|State funding for colleges vital|
Crain's Detroit Business
August 3, 2009
Michael A. Boulus, Executive Director, Presidents Council State Universities of Michigan
Keith Crain has joined the list of those who seem to have given up on the vision of Michigan as a great state and is ready to accept our current second-rate status.
That can be the only explanation for his recent column calling for cutbacks at our state's most important economic development engine, our public universities.
Tuition increases at our universities this decade have been driven by reductions in state support — reductions created by tax cuts put in place in the late 1990s. Those tax cuts have not created the economic prosperity promised, but have been the major driver of this decade's state fiscal crisis.
In fiscal year 2001, the state spent $1.615 billion on Michigan's public universities. In fiscal year 2008, that figure was $1.581 billion. If we had just adjusted the 2001 figure for inflation, the state would have spent $1.954 billion on higher education last year. Adjusted for the influx of students that Michigan universities have encouraged, and state funding should be well over $2 billion today, and tuition would be significantly lower.

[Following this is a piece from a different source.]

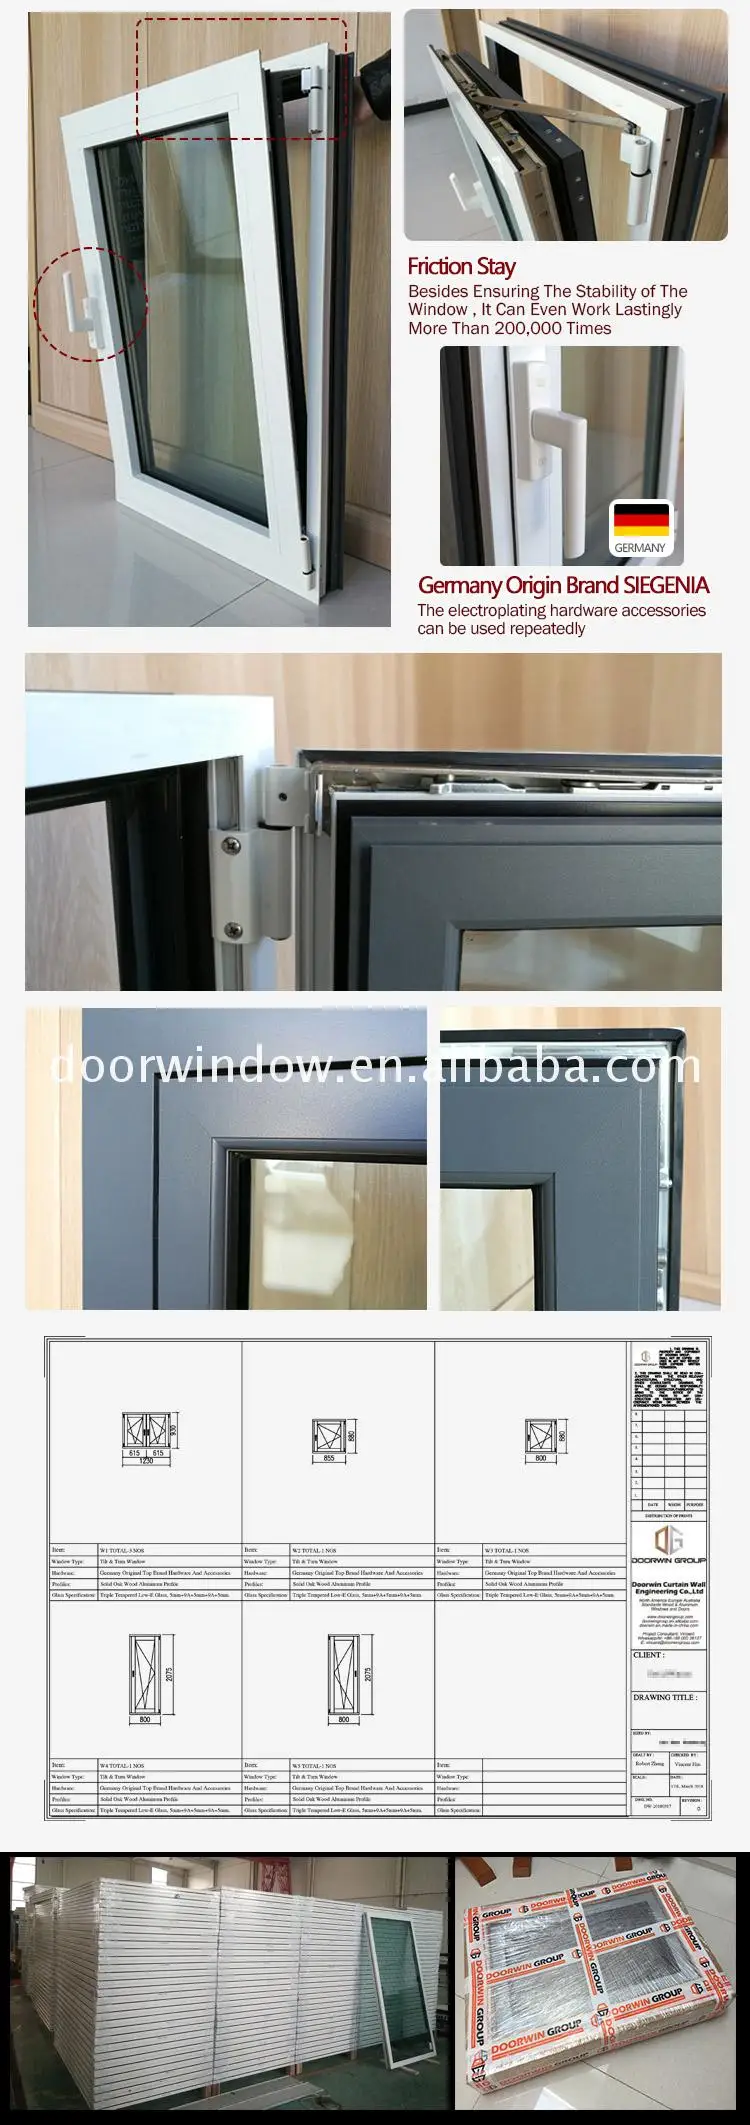 Hot new products casement window and Door made by factory swing open windows outswing with thermal break profile

State funding cuts have left public universities with two choices. They can become mediocre and lose the luster that has kept our best and brightest here and attracted the best minds in the world to our state. Or they can cut as much as they can but raise tuition as needed to keep their high quality, painful as that may be for some students.
Our university boards of directors and their management teams have decided it is more important to maintain excellence and prepare Michigan's workforce for the coming economic recovery — which will be driven by workers with four-year degrees — than to take the politically popular route of dismantling higher education.
Our state highway system, once highly regarded, tells us what happens when we stop paying for what we want. Public universities are even more vital to our state's economic transition than our freeways. Just as Crain's Detroit Business has supported new taxes for roads, it should be supporting additional investment for higher education — from any source possible.